The example below generates a sample of 100 random numbers drawn from a Gaussian distribution with a known mean of 50 and a standard deviation of 5 and calculates the summary statistics.

In [1]:
# calculate summary stats
from numpy.random import seed
from numpy.random import randn
from numpy import mean
from numpy import var
from numpy import std
# seed the random number generator
seed(1)
# generate univariate observations
data = 5 * randn(10000) + 50
# calculate statistics
print('Mean: %.3f' % mean(data))
print('Variance: %.3f' % var(data))
print('Standard Deviation: %.3f' % std(data))

Mean: 50.049
Variance: 24.939
Standard Deviation: 4.994


# Correlation Between Variables

Variables in a dataset may be related for lots of reasons.

It can be useful in data analysis and modeling to better understand the relationships between variables. The statistical relationship between two variables is referred to as their correlation.

A correlation could be positive, meaning both variables move in the same direction, or negative, meaning that when one variable’s value increases, the other variables’ values decrease.

* Positive Correlation: Both variables change in the same direction.
* Neutral Correlation: No relationship in the change of the variables.
* Negative Correlation: Variables change in opposite directions.

The performance of some algorithms can deteriorate if two or more variables are tightly related, called multicollinearity.

An example is linear regression, where one of the offending correlated variables should be removed in order to improve the skill of the model.

We can quantify the relationship between samples of two variables using a statistical method called Pearson’s correlation coefficient, named for the developer of the method, Karl Pearson.

The **pearsonr()** NumPy function can be used to calculate the Pearson’s correlation coefficient for samples of two variables.

In [2]:
# calculate correlation coefficient
from numpy.random import seed
from numpy.random import randn
from scipy.stats import pearsonr
# seed random number generator
seed(1)
# prepare data
data1 = 20 * randn(1000) + 100
data2 = data1 + (10 * randn(1000) + 50)
# calculate Pearson's correlation
corr, p = pearsonr(data1, data2)
# display the correlation
print('Pearsons correlation: %.3f' % corr)

Pearsons correlation: 0.888


# Statistical Hypothesis Tests

Data must be interpreted in order to add meaning. We can interpret data by assuming a specific structure our outcome and use statistical methods to confirm or reject the assumption.

The assumption is called a hypothesis and the statistical tests used for this purpose are called statistical hypothesis tests.

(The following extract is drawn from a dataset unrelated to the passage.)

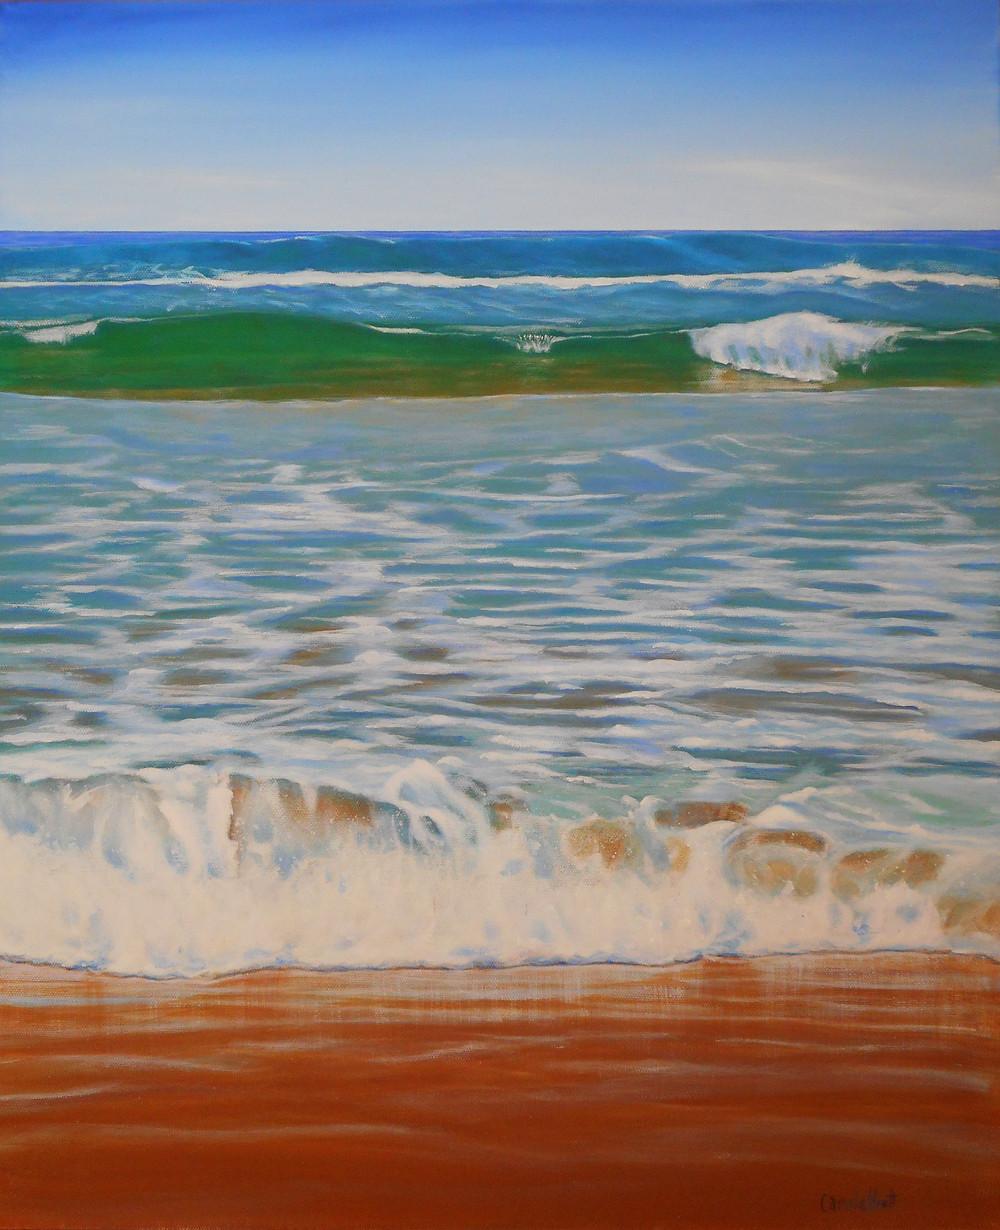 """It's a Shore Thing"" by Carole Elliott"

The assumption of a statistical test is called the null hypothesis, or hypothesis zero (H0 for short). It is often called the default assumption, or the assumption that nothing has changed. 

A violation of the test’s assumption is often called the first hypothesis, hypothesis one, or H1 for short.

* **Hypothesis 0 (H0)**: Assumption of the test holds and is failed to be rejected.
* **Hypothesis 1 (H1)**: Assumption of the test does not hold and is rejected at some level of significance.

We can interpret the result of a statistical hypothesis test using a p-value.

The p-value is the probability of observing the data, given the null hypothesis is true.

A large probability means that the H0 or default assumption is likely. 

A small value, such as below 5% (o.05) suggests that it is not likely and that we can reject H0 in favor of H1, or that something is likely to be different (e.g. a significant result).

A widely used statistical hypothesis test is the Student’s t-test for comparing the mean values from two independent samples.

The default assumption is that there is no difference between the samples, whereas a rejection of this assumption suggests some significant difference. 

The tests assumes that both samples were drawn from a Gaussian distribution and have the same variance.

The Student’s t-test can be implemented in Python via the **ttest_ind()** SciPy function.

In [3]:
# student's t-test
from numpy.random import seed
from numpy.random import randn
from scipy.stats import ttest_ind
# seed the random number generator
seed(1)
# generate two independent samples
data1 = 5 * randn(100) + 50
data2 = 5 * randn(100) + 51
# compare samples
stat, p = ttest_ind(data1, data2)
print('Statistics=%.3f, p=%.3f' % (stat, p))
# interpret
alpha = 0.05
if p > alpha:
	print('Same distributions (fail to reject H0)')
else:
	print('Different distributions (reject H0)')

Statistics=-2.262, p=0.025
Different distributions (reject H0)


# Estimation Statistics

Statistical hypothesis tests can be used to indicate whether the difference between two samples is due to random chance, but cannot comment on the size of the difference.

A group of methods referred to as “new statistics” are seeing increased use instead of or in addition to p-values in order to quantify the magnitude of effects and the amount of uncertainty for estimated values. This group of statistical methods is referred to as estimation statistics.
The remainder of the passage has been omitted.